(DATASET EXTRACT begins)

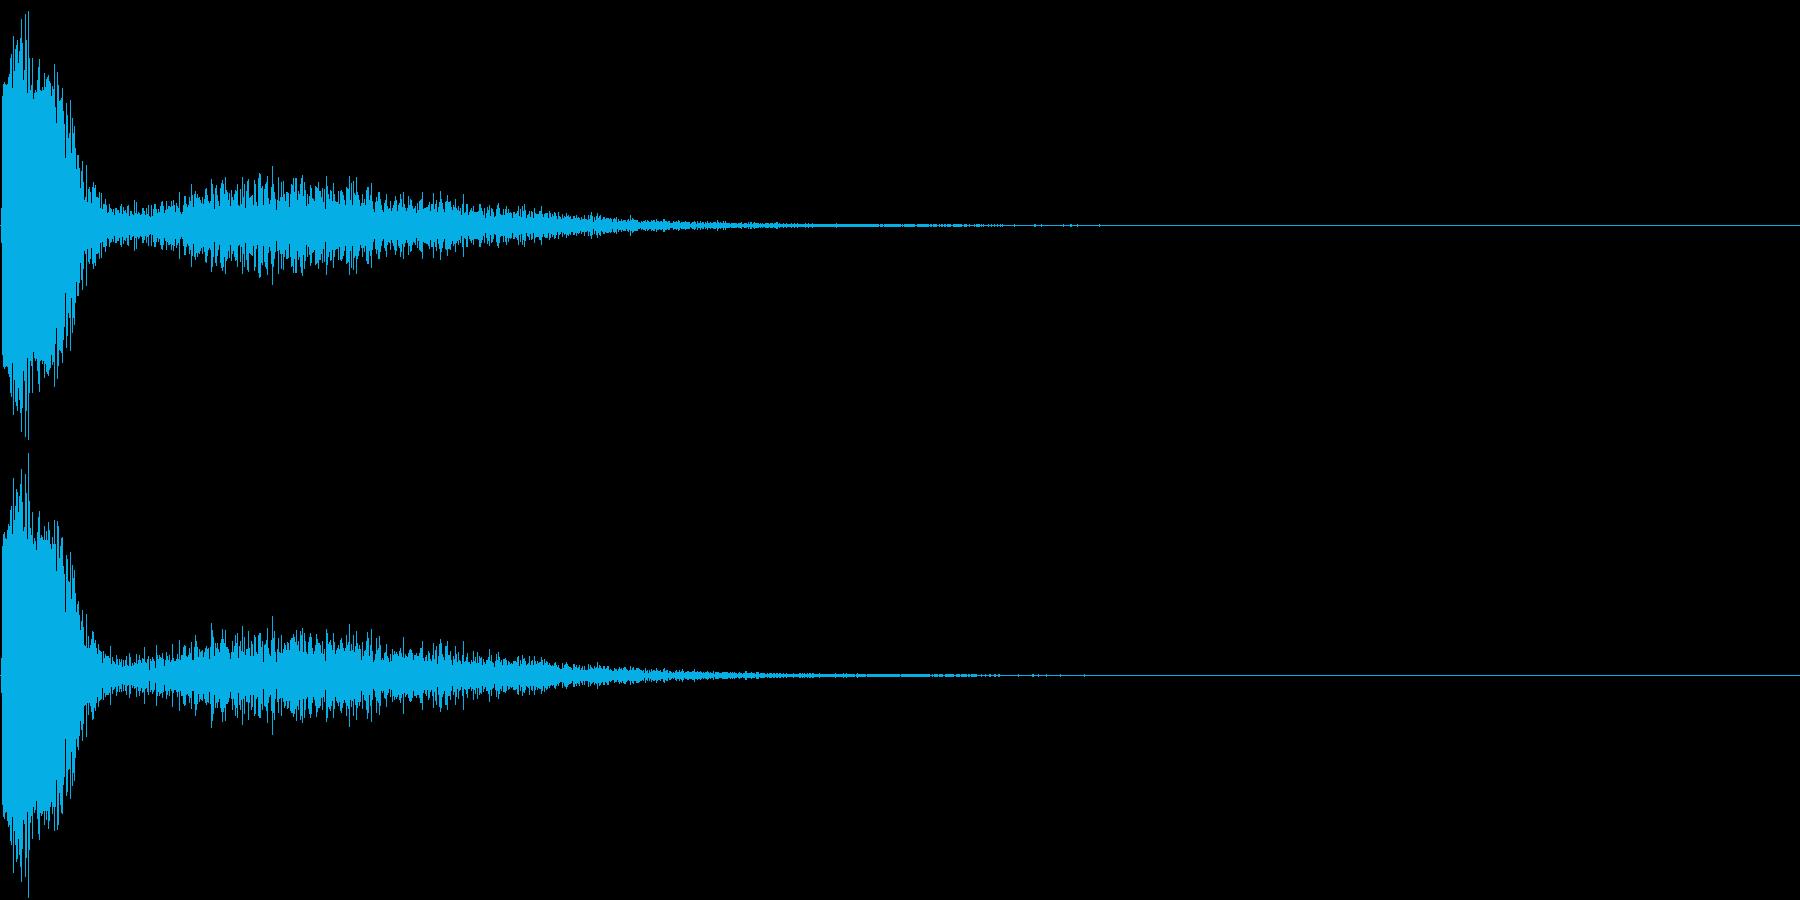 KAKUGE 格闘ゲーム戦闘音 67の再生済みの波形
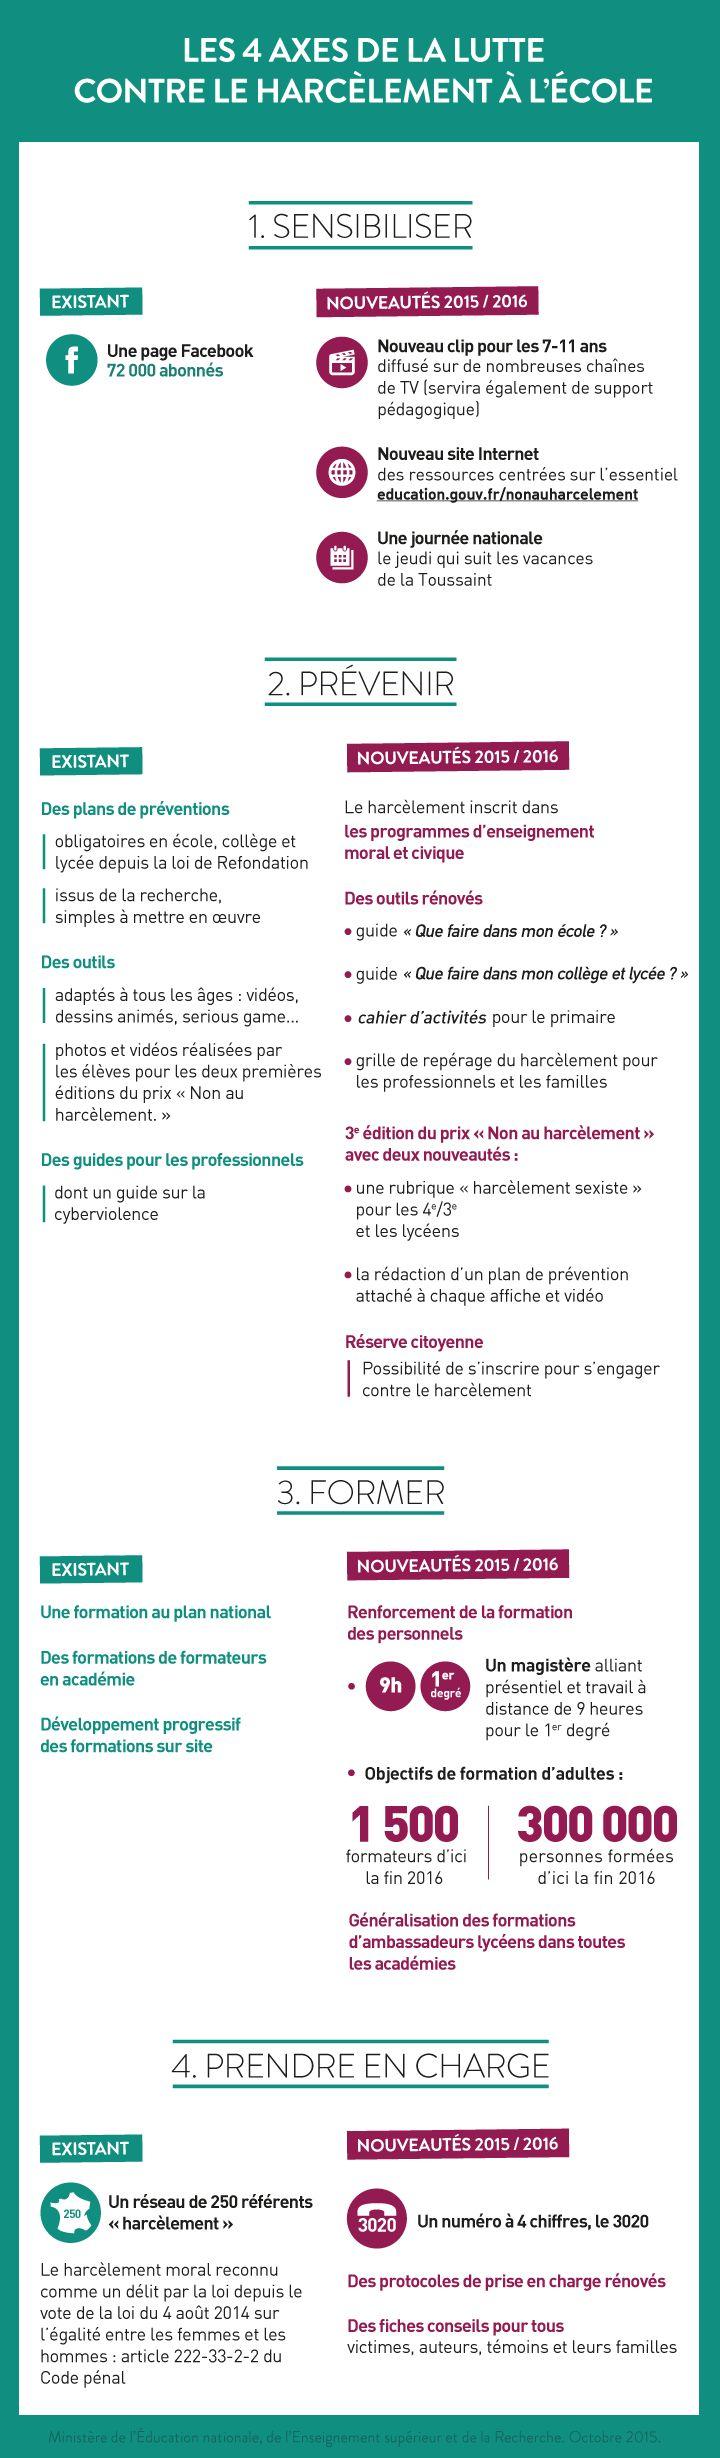 """Présentation de la première journée nationale """"Non au harcèlement"""" - Ministère de l'Éducation nationale, de l'Enseignement supérieur et de la Recherche"""
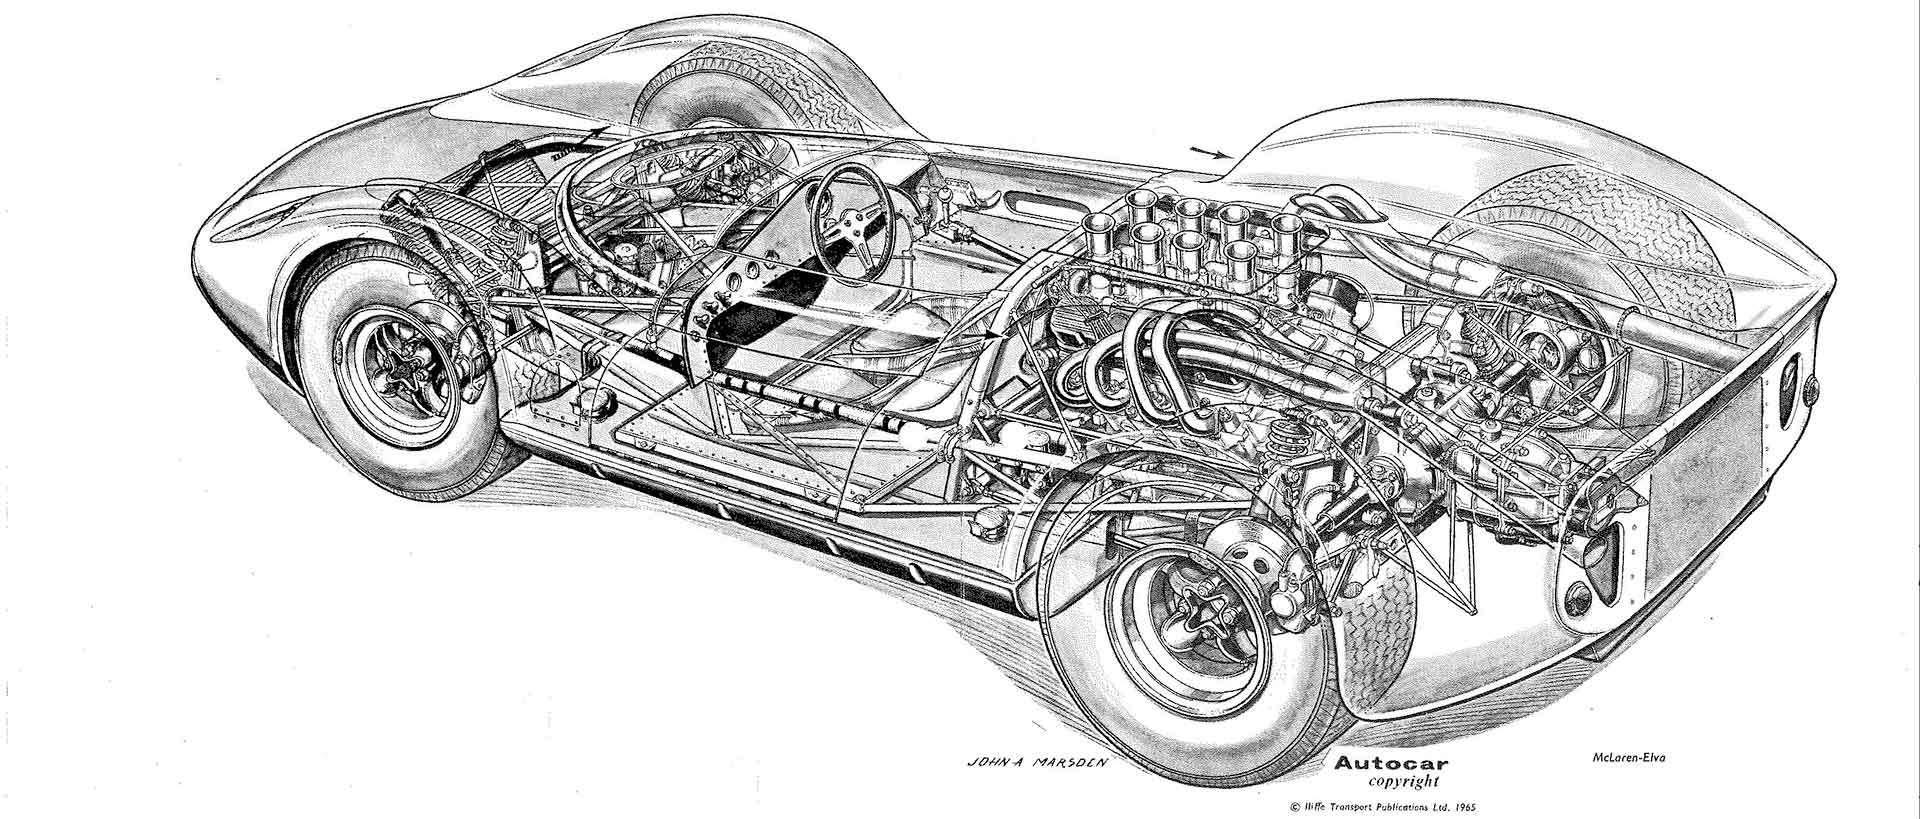 Mẫu xe truyền cảm hứng cho siêu xe nhẹ nhất 'nhà' McLaren - Elva 2020

(DATASET EXTRACT ends)

Every line above should be duplicated exactly; the pictures are to be left out.

 KAKUGE 格闘ゲーム戦闘音 67の再生済みの波形
 """Présentation de la première journée nationale """"Non au harcèlement"""" - Ministère de l'Éducation nationale, de l'Enseignement supérieur et de la Recherche"""
 Mẫu xe truyền cảm hứng cho siêu xe nhẹ nhất 'nhà' McLaren - Elva 2020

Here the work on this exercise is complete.